Aquanist is right. These replicas are quite famous here and are done by lots of people. I'll add couple pics but first, I'll show you answer.










Some details of my rock. Straight from the mold.










Some other rock.










Also details of that driftwood.


----------



## JWerner2 (Jul 7, 2008)

:wink:

Nice trick.

Those look really good.


----------



## R-DUB (Jun 3, 2007)

pleeeeeez explain this process more . I could really use this technique. That is truly awesome


----------



## renegade545 (Jul 4, 2008)

> pleeeeeez explain this process more . I could really use this technique. That is truly awesome


Aquanist posted a link to the steps.



Aquanist said:


> I bet they used the techniques/materials described here.


----------



## cholile (Oct 28, 2007)

This is excellent. Thanks.


----------



## css virginia (Jan 29, 2007)

That is.."interesting"..you could make the decor you want and sizes preferred.


----------



## Tommi (Oct 11, 2006)

One more good thing here, mold is usable multiple times. Once you made that latexmold, it can be changed a bit and make several rocks with it. This is how it looked, latexmold, rock is still in it.

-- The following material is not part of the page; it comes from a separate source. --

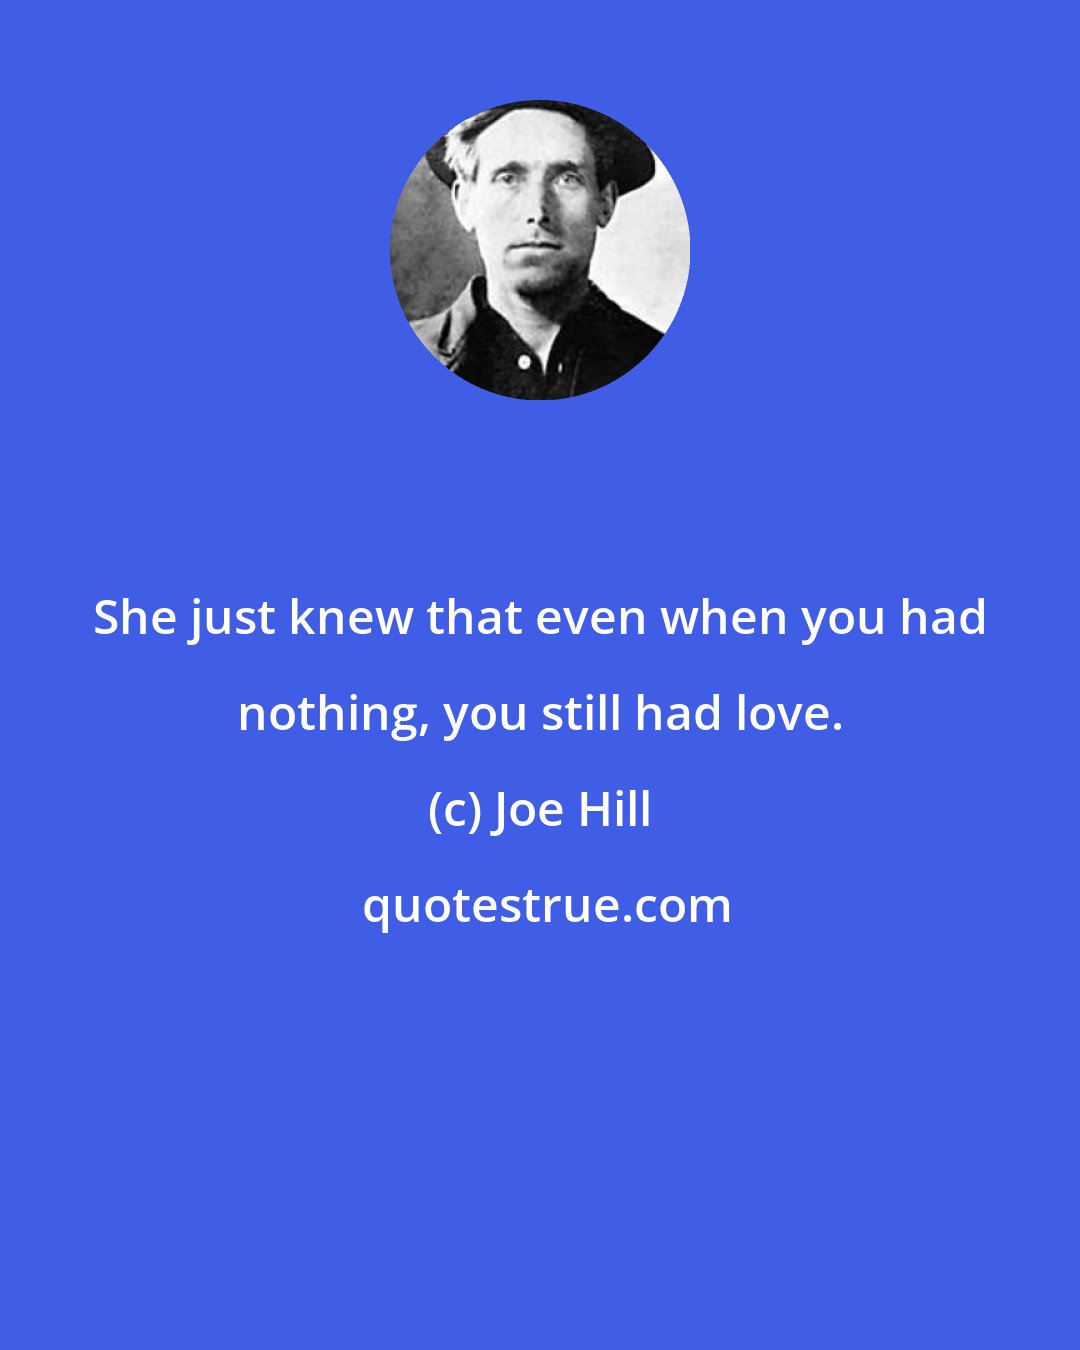 Joe Hill: She just knew that even when you had nothing, you still had love.

You can just as easy make whole 2m backround with this method. It can be drilled later to hide filters/heaters etc...


----------



## Tommi (Oct 11, 2006)

I'll add one more photo, stone inside aquarium. Theres also something happening beside that.


----------



## cholile (Oct 28, 2007)

tommi that just looks great, but the link someone put here is a little confusing.

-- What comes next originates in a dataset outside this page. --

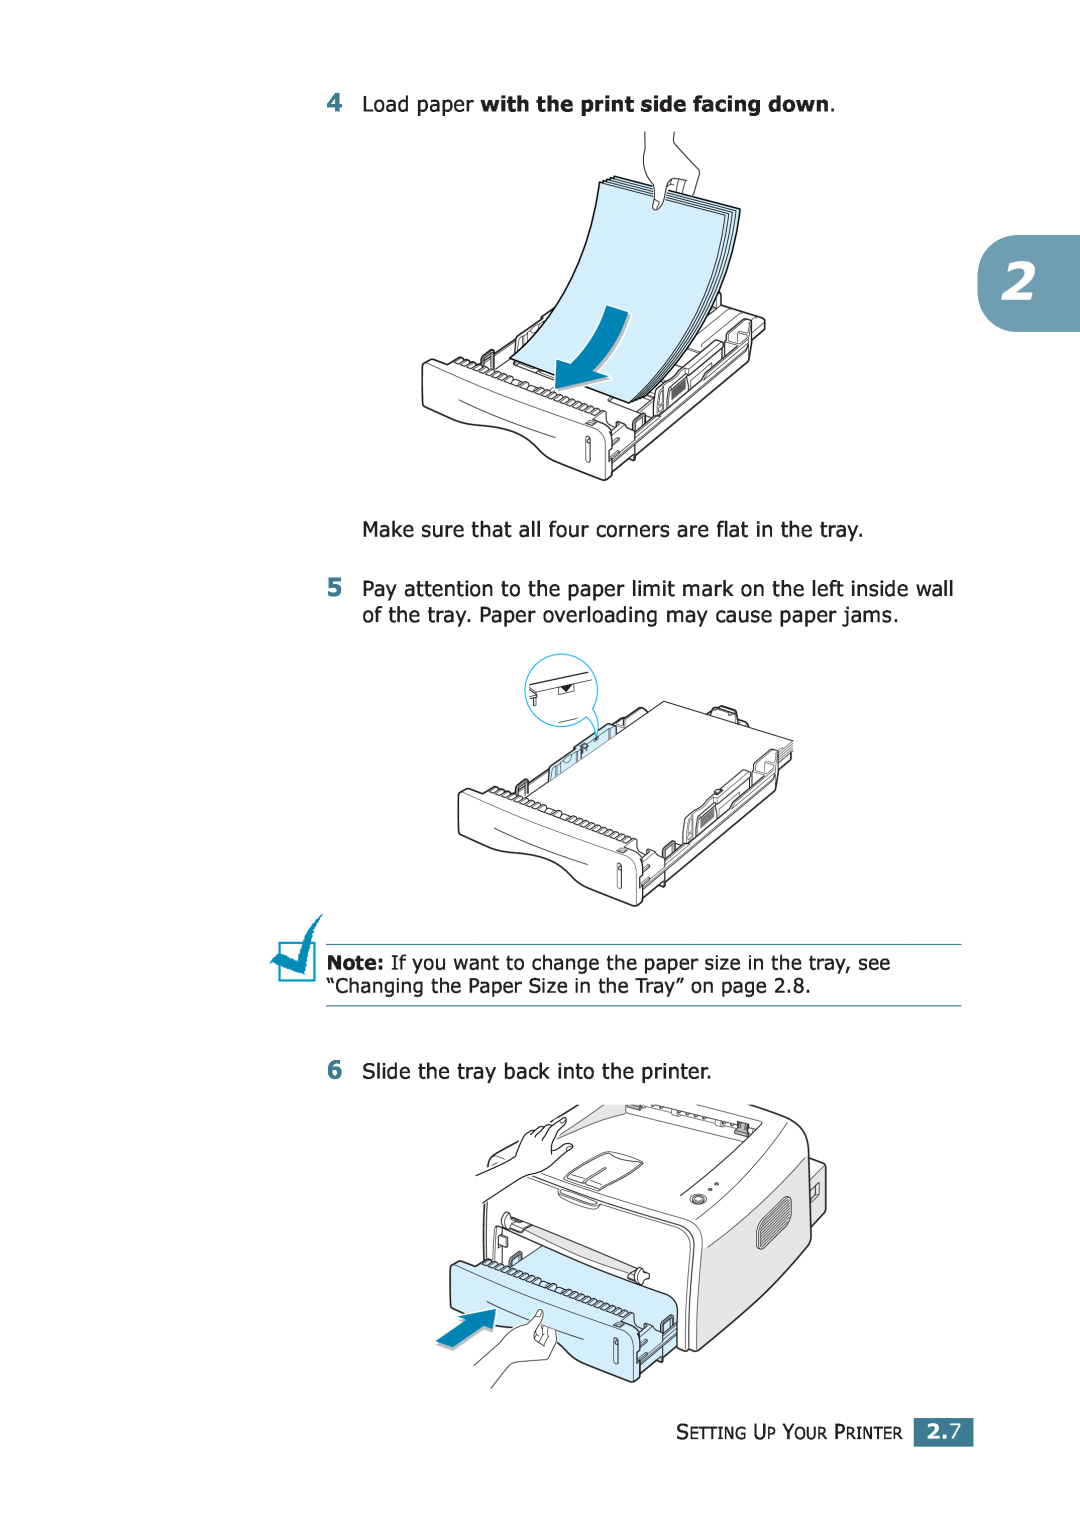 Samsung ML-1710P manual Load paper with the print side facing down, Make sure that all four corners are flat in the tray

do you by any chance have a list of materials and detailed (ideally with pictures) step by step directions?

I'd love to give this a try.


----------



## prats (May 12, 2008)

i have checked all the replies and posts on the thread and i have check the procedure link provided by aquanist but no where it is mentioned how to peel what tools are used and if the stone is coated with the leather sticking adhesive on all sides how is it that you can peel without breaking the coat what all materials are used and in what quantity as i have read everyone is using different quantity and material so if anyone can briefly explain the procedure and the tools with all the alternative materials which can be used that would really be awesome as i know many people are looking for this kind of a explaination i have tried the styro BG as well but failed so don't wanna fail on this or my wife would kill me buddies  waiting for all your replies on the same and hoping someone could help us people who have never tried this but surely wanna try


----------



## cevvin (May 2, 2008)

I just watched this video of how to make a mold, then its just onto adding cement or your choice of medium for rocks. But I like the idea of the link with the expanding foam for the stiff mold.


----------



## cevvin (May 2, 2008)

http://www.youtube.com/watch?v=h5ozmmKQ ... re=related

sorry forgot to post the link


----------